Identification of Handwritten digit images using different classification algorithms such as Multi-class Logistic Regression, Single Hidden Layer Neural Network and Convolutional Neural Network.
We have trained our classification model on MNIST data using Multi-classLogistic Regression, Single Hidden Layer Neural Network, Convolutional Neural Network and predicted the labels of the digit images in both MNIST and USPS digit dataset.
- We trained the model and tuned the hyperparameter i.e. learning rate, by using our own implementation of Logistic regression, we achieved an accuracy of 91.56% on MNIST test images and 45.15% on USPS test images at learning rate of 0.14 and lambda (regulariser) value of 0.
- Using tensorflow, we have achieved an accuracy of 92.41% on MNIST test images and 48.32% on USPS test images
Single hidden layer neural network:
- We trained the model and tuned the hyperparameter i.e. learning rate and number of units in hidden layer, we achieved an accuracy of 97.76% on MNIST test images and 64.6% on USPS test images.
- On training the model using CNN, we achieved an accuracy of 99.18% on MNIST test images and 75% on USPS test images.
- Accuracies of the models on the USPS data were way lower than the accuracies they gave for the MNIST dataset. After seeing such performance of all the three training models on the USPS data set which were trained on the MNIST data set we can conclude that our model is not the best in the general way but performs well on the dataset in which it was trained. Our model needs to have the training knowledge of the USPS data in order to perform well on the USPS data set.

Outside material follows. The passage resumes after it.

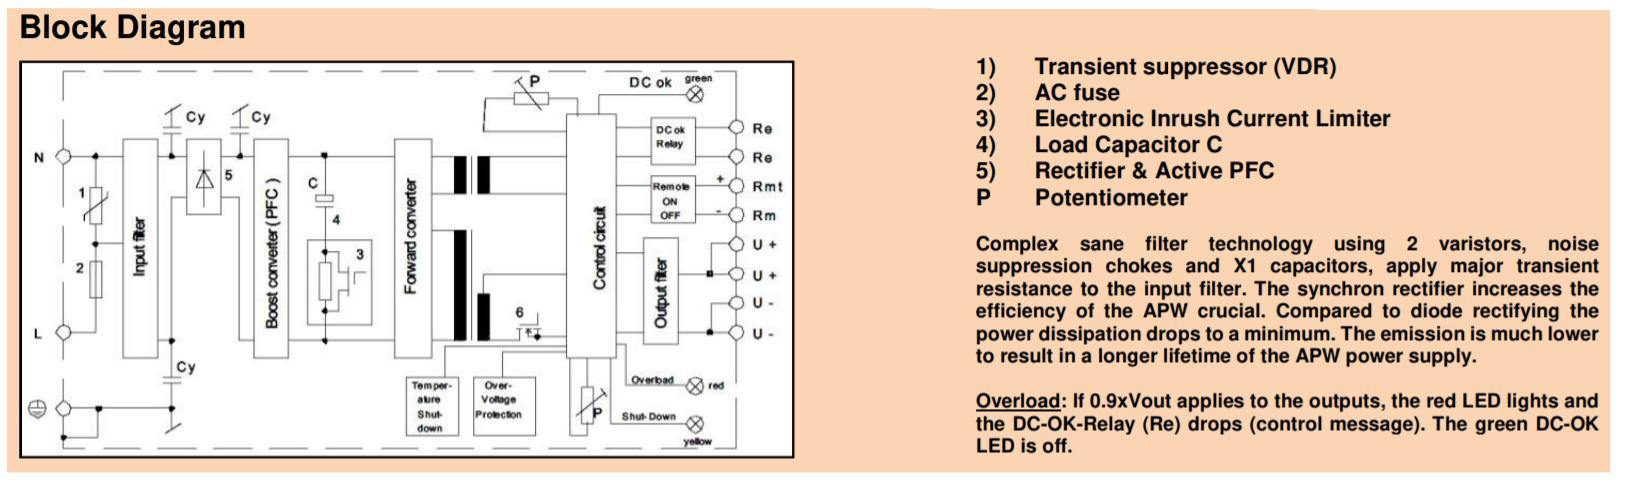 hight resolution of technical illustration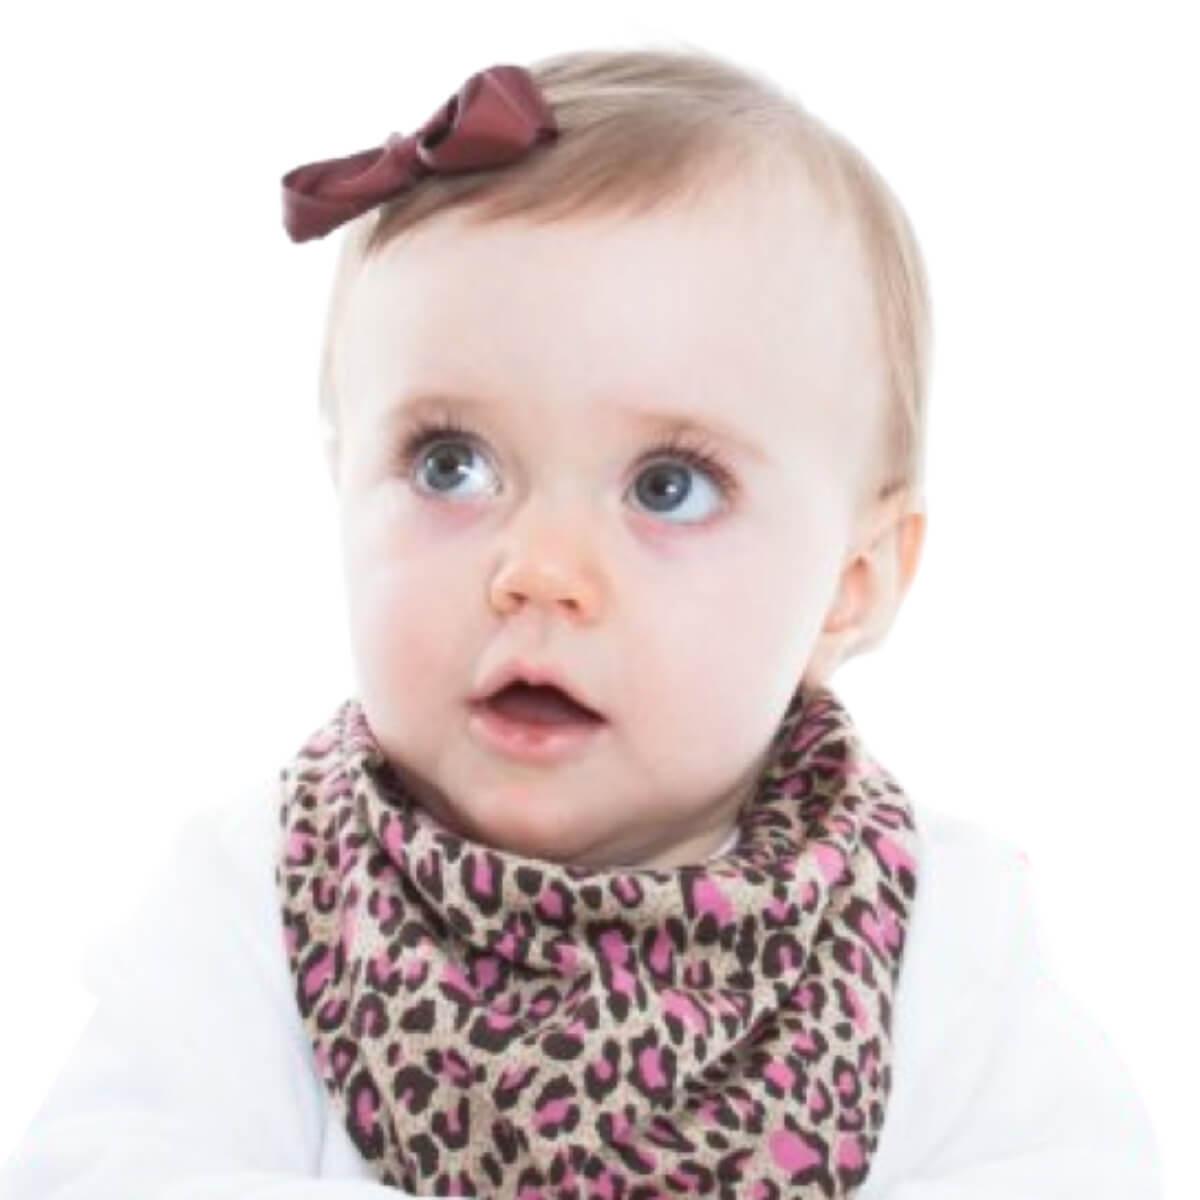 Babador Bandana Gumii Bebe Menina Girl Kit 6 Leve 6 Pague 5

- MNIST dataset files were downloaded from the website mentioned in the main.pdf have been read using the gzip library function of the python with the help of direction mentioned in this website.
- Train and Test Images were then flattened into 2D numpy array, N x 784 size.
- Train image data and Test image data have been then standardised with zero mean and unit standard deviation.
- Previous two steps were performed similarly on the USPS test data.
- Weight numpy array was generated valus of 1s and dimension of K x D, where K is the number of classes i.e., 10 and D is the number of data features plus 1 bias feature i.e., (784 + 1).
- Column of 1s was added as the first column to both Train set and the Test sets of MNIST and USPS data making the total feature dimension of 785
- One hot vectors of MNIST data labels and USPS data labels were created.
- Separate functions for calculating the Cross Entropy error, Gradient descent, Softmax, and Predicting the image labels were created in the LRlibs.py file.
- Cross Entropy error function was implemented as per the formula.
- Gradient descent function was done using the pseudo code mentioned in the document provided along with the Project 3
- Softmax function was implemented using the exp(x − max(x))/Σexp(x) formula.
- Predict function was implemented by returning the column which had max of the W.dot(X) in each row.
- Model was trained on the Training data images with epoch count of 200 and varying learning rate of 0.01 to 0.14. The accuracies and the cross entropy error have been tabulated in the tables 1.1 and 1.2 for both MNIST and USPS data sets.
Single Hidden Layer Neural Network
- This has been implemented using TensorFlow
- The model consists of one hidden layer and one output layer
- In hidden layer, we have initialized 784x1024 weights and 1024 bias for 1024 units by random values. Then, multiplied the input with the weights and added bias to it. On this value, applied ReLU activation function.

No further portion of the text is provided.